The output is a JSONL file where each line corresponds to one input request:
{
  "status": "",
  "processed_time": "2024-01-15T10:30:00.000+00:00",
  "request": {"contents": [{"role": "user", "parts": [{"text": "What is 2+2?"}]}]},
  "response": {
    "candidates": [{
      "content": {"parts": [{"text": "4"}], "role": "model"},
      "finishReason": "STOP"
    }],
    "usageMetadata": {
      "promptTokenCount": 5,
      "candidatesTokenCount": 1,
      "totalTokenCount": 6
    }
  }
}
Note: An empty status field indicates success.
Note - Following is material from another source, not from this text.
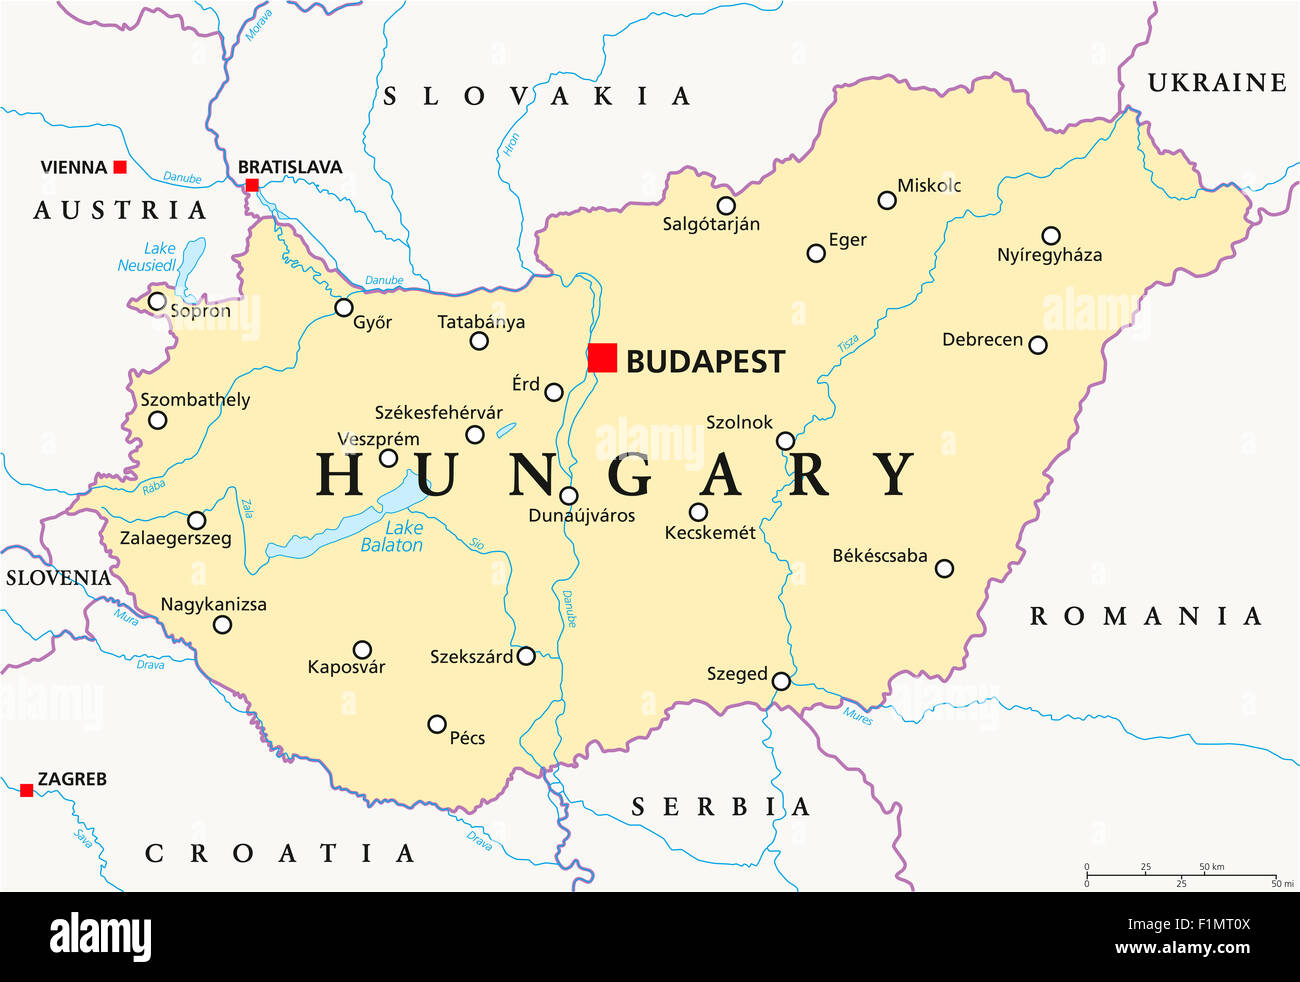 Hungary political map with capital Budapest, national borders, important cities, rivers and lakes. English labeling and scaling. Stock Photo

Failed requests will have an error message in status.

List Your Batch Jobs

Endpoint

GET /api/v1/ie/requestqueue/apikey/requests?model_id=gemini-batch

Example

curl -X GET "https://console.gmicloud.ai/api/v1/ie/requestqueue/apikey/requests?model_id=gemini-batch" \
  -H "Authorization: Bearer YOUR_API_KEY"

Request Status Values

StatusDescription
queuedJob is waiting to be submitted to Vertex AI
processingBatch job is running (may take minutes to hours)
successJob completed (check batch_job_completion_stats for details)
failedJob failed (check error message in outcome)

Batch Job States (Vertex AI)

StateDescription
JOB_STATE_QUEUEDWaiting for resources
JOB_STATE_PENDINGJob is being prepared
JOB_STATE_RUNNINGProcessing requests
JOB_STATE_SUCCEEDEDAll requests completed
JOB_STATE_PARTIALLY_SUCCEEDEDSome requests failed
JOB_STATE_FAILEDJob failed
JOB_STATE_CANCELLEDJob was cancelled (e.g., 24h timeout)

Limits

LimitValue
Max input file size1 GB
Max requests per job200,000
Max processing time24 hours (after job starts running)
Max queue time72 hours

Tips for Best Results

  1. Batch Size: Ideal for 100+ requests. For fewer requests, consider online inference.
  2. File References: Use gs:// URIs for images/documents stored in Google Cloud Storage.
  3. Processing Time: Jobs typically complete within minutes to hours depending on volume.
  4. Cost Optimization: Use batch for non-time-sensitive workloads to save ~50%.
  5. Error Handling: Check batch_job_completion_stats for failed request counts.